4. En premier lieu, aux termes du 2 de l'article 38 du code général des impôts, applicable en matière d'impôt sur les sociétés en vertu de l'article 209 du même code : " Le bénéfice net est constitué par la différence entre les valeurs de l'actif net à la clôture et à l'ouverture de la période dont les résultats doivent servir de base à l'impôt diminuée des suppléments d'apport et augmentée des prélèvements effectués au cours de cette période par l'exploitant ou par les associés. L'actif net s'entend de l'excédent des valeurs d'actif sur le total formé au passif par les créances des tiers, les amortissements et les provisions justifiés ". Pour l'application de ces dispositions, il y a lieu de prendre en compte, pour la détermination de l'actif net à la clôture de l'exercice, toutes les dettes qui sont mises à la charge de la société envers des tiers si ces dettes sont, à la date de la clôture de l'exercice, certaines dans leur principe et dans leur montant. Il appartient au contribuable de justifier, par la production de tous éléments suffisamment précis, l'inscription d'une dette au passif du bilan de son entreprise.

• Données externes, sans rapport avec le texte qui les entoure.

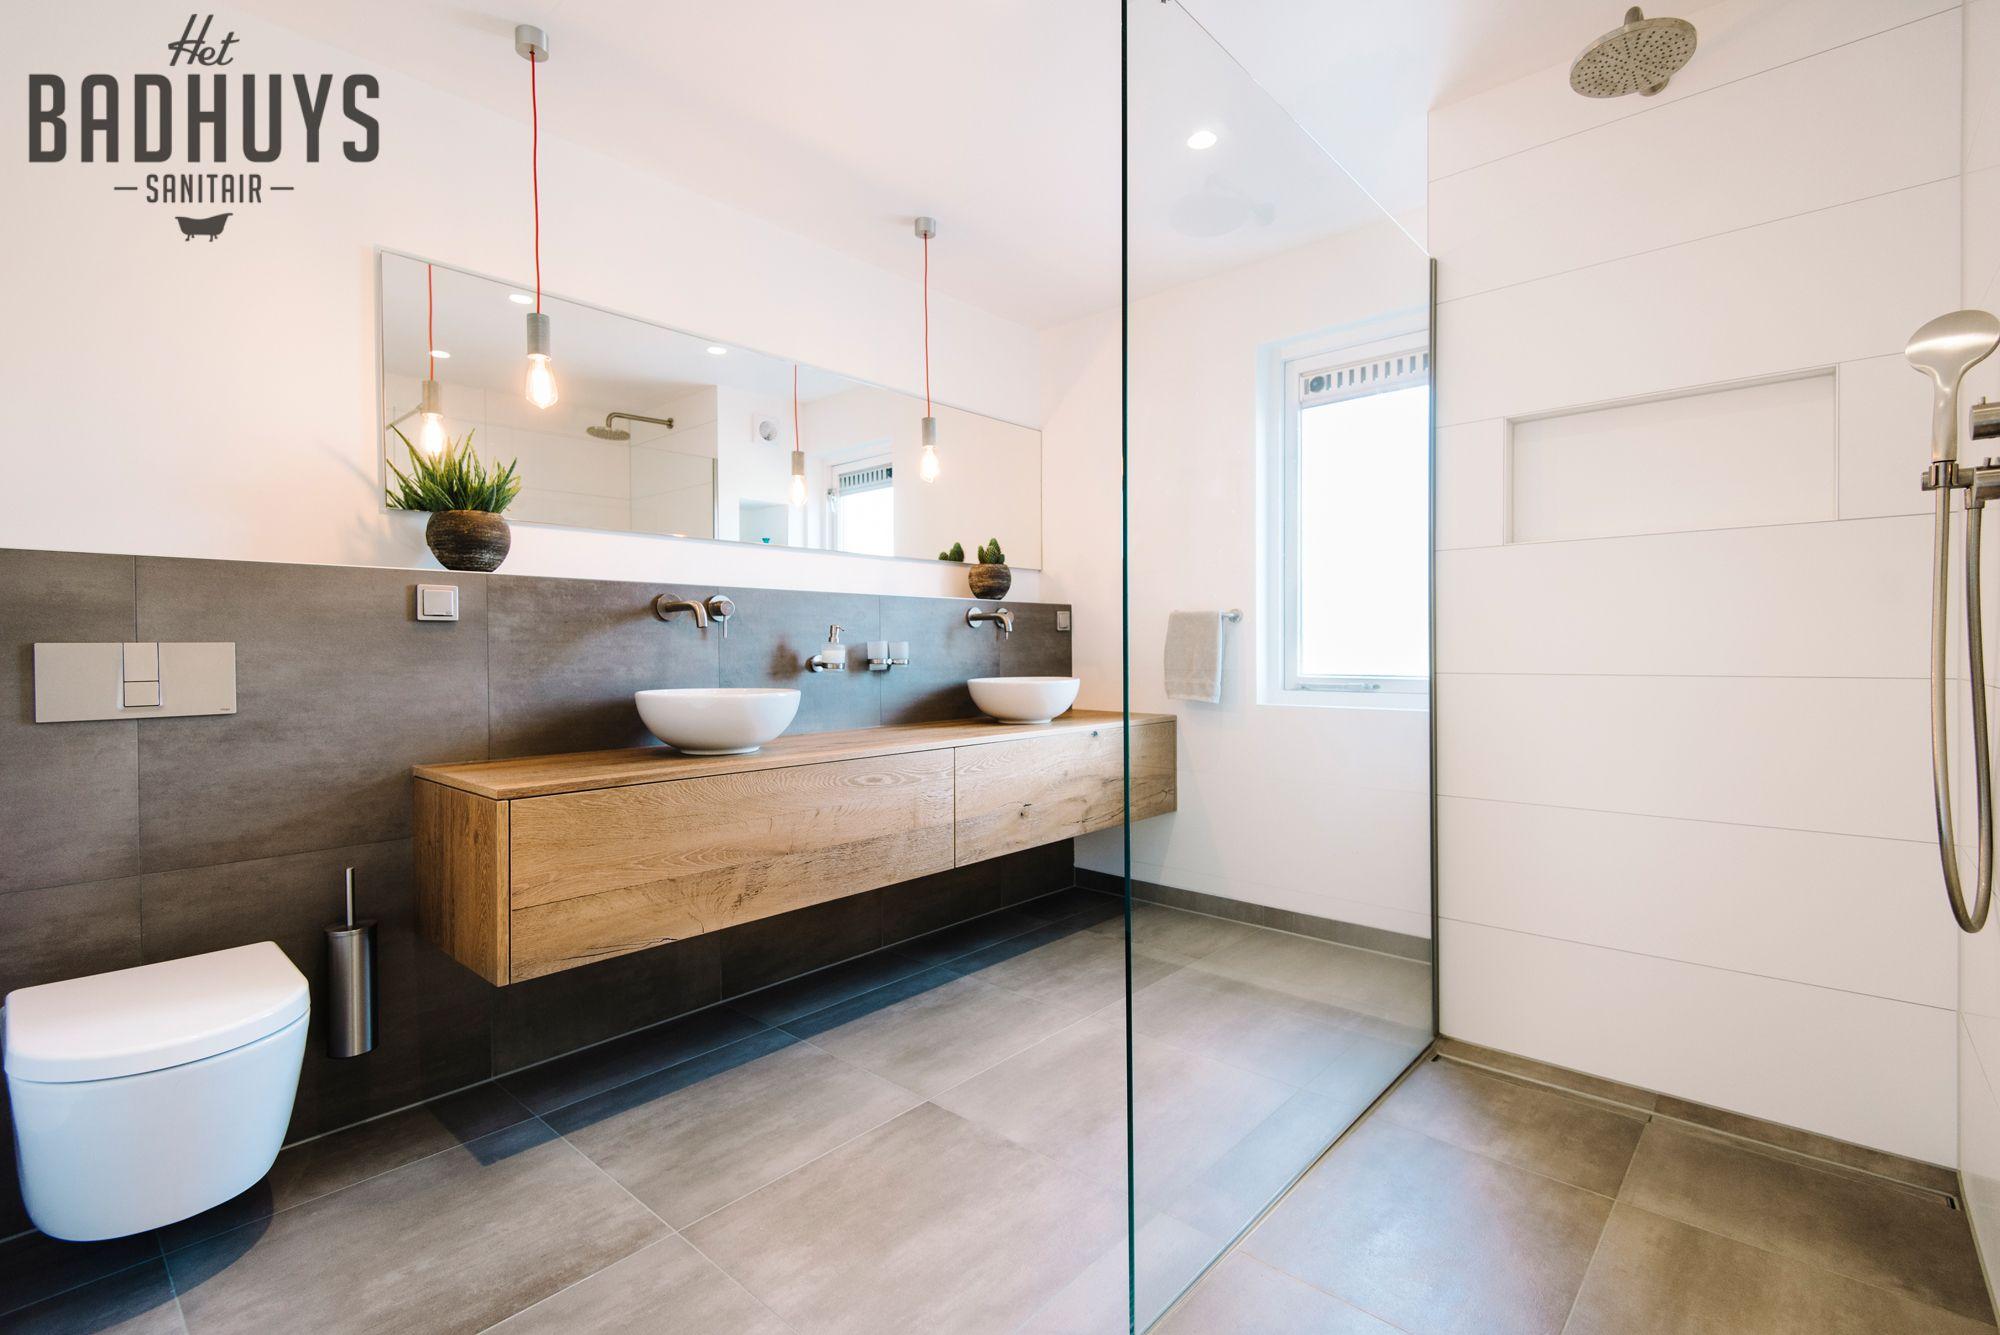 Badkamer met inloopdouche en inbouwkast | Het Badhuys | Badkamer ...

5. L'administration fiscale a constaté à l'ouverture de l'exercice 2012 une dette de 126 981 euros comptabilisée au passif du compte 451515 " compte courant d'associé Ingenor Littoral ". Cette écriture a été réintégrée au bilan de clôture de l'exercice 2012, premier exercice non prescrit. En se bornant à produire des écritures comptables établies par elle-même non assorties de pièces justificatives de nature à en étayer le contenu, la société requérante n'établit pas l'existence d'une dette contractée à l'égard de la société Ingenor Littoral. Elle ne l'établit pas non plus en se prévalant de ce que l'administration n'établirait pas la disparition de cette dette, en invoquant des considérations générales sur la nécessité de rembourser des dettes contractées à l'égard d'actionnaires ou à faire état de la plausibilité de la dette en cause et des difficultés à réunir des documents permettant d'attester de la réalité d'opérations anciennes. Aucun élément ne permettant de constater l'existence de la dette litigieuse à la clôture du premier exercice non prescrit, le moyen tiré de ce que cette dette ne pourrait être réintégrée au résultat de l'intéressée qu'au moment de la dissolution de sa filiale ne peut qu'être écarté. La circonstance que la dette ne figure plus au passif du bilan de la société requérante de l'exercice clos en 2022 n'est pas de nature à remettre en cause le bien-fondé de sa réintégration au bilan de clôture du premier exercice non prescrit à la date où le rehaussement a été notifié.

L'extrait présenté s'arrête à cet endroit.